Here is a great two-fer. One action achieves two important tasks.  This cool tool is a captcha that stops spam while digitizing books.

The captcha comes from Carnegie Mellon U. and does the usual job of filtering out bot postings on the web. Like other captchas it requires you to type in a distorted word you see in order to “prove” that you are a human, and not a computer script who will simply fill the comments with advertising spam. This filter works because computers are net yet able to read distorted text. Someday soon they will, of course, but for now we assume that anyone who can pass this simple reading test is a human.

But one of the persistent hurdles in the great effort to digitize books is distorted text on many scanned pages of old books — text which cannot be read by a computer. The computer software can read most of the words, but it gets stuck on a few that are blurry or ragged on the scan. Since this is precisely the problem that captchas solve, the genius idea is to combine the complementary problem and solution to do double duty. Send the distorted words in books to the captcha engines on web sites. Have the millions of eager commenters solve the hard digitizing problems. 


ReCaptcha web site says:

About 60 million CAPTCHAs are solved by humans around the world every day. In each case, roughly ten seconds of human time are being spent. Individually, that’s not a lot of time, but in aggregate these little puzzles consume more than 150,000 hours of work each day.
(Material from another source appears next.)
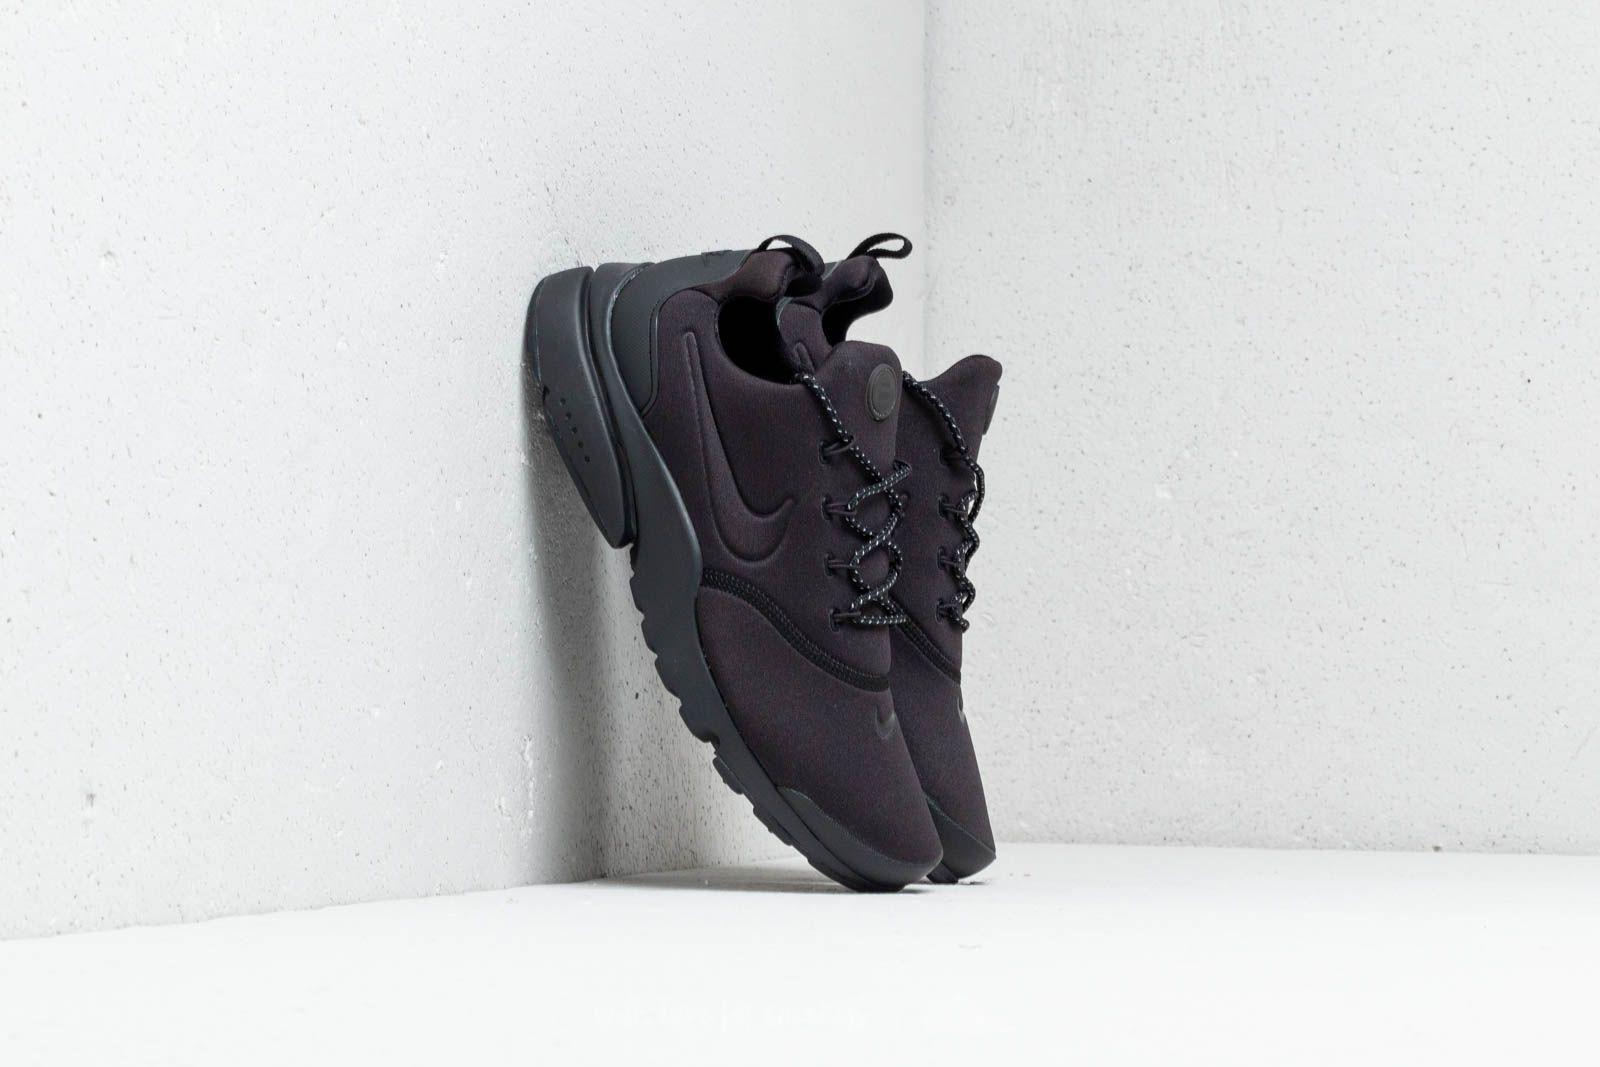 5abdf299920e Nike Presto Fly SE Black  Black at a great price 110 € buy at Footshop

What if we could make positive use of this human effort? reCAPTCHA does exactly that by channeling the effort spent solving CAPTCHAs online into “reading” books. 

So how does it work? You type in two distorted words.


  Why two? The official answer: 

If a computer can’t read such a CAPTCHA, how does the system know the correct answer to the puzzle? Here’s how: Each new word that cannot be read correctly by OCR is given to a user in conjunction with another word for which the answer is already known. The user is then asked to read both words. If they solve the one for which the answer is known, the system assumes their answer is correct for the new one. The system then gives the new image to a number of other people to determine, with higher confidence, whether the original answer was correct. 

This novel system is another example of using what Amazon’s Jeff Bezos calls “artificial artificial intelligence.”  It fakes AI by using humans. This is how he sees his Mechanical Turk system which performs similar tasks for businesses. Humans are paid a few cents to do very simple — almost dumb — perception tasks that not even the fastest super computer can do. Recognizing the best picture of something, or matching names. Google’s image labeler is in the same category using volunteers en-masse to give a one word description to a picture by matching words that other volunteers give. When Google gets a matching word it assumes the word is a valid description of that image.  Pretty soon, after millions of matches, you have an emerging database of descriptions which can train your automatic image recognizer.

And that is another function of what this CMU captcha could do, although it is not mentioned. It’s possible that this “artificial AI” process could train a software program to get much better at recognizing the distorted letters, so it would not need its human counterparts someday. It’s like having a million nannies gently correct the toddling AI.

Oh, the books in the CMU ReCaptcha are being served up by the Internet Archive, a great humanitarian campaign to digitize public domain books, an effort worth supporting.

This is so cool, I am going to try to implement it on my websites.


© 2023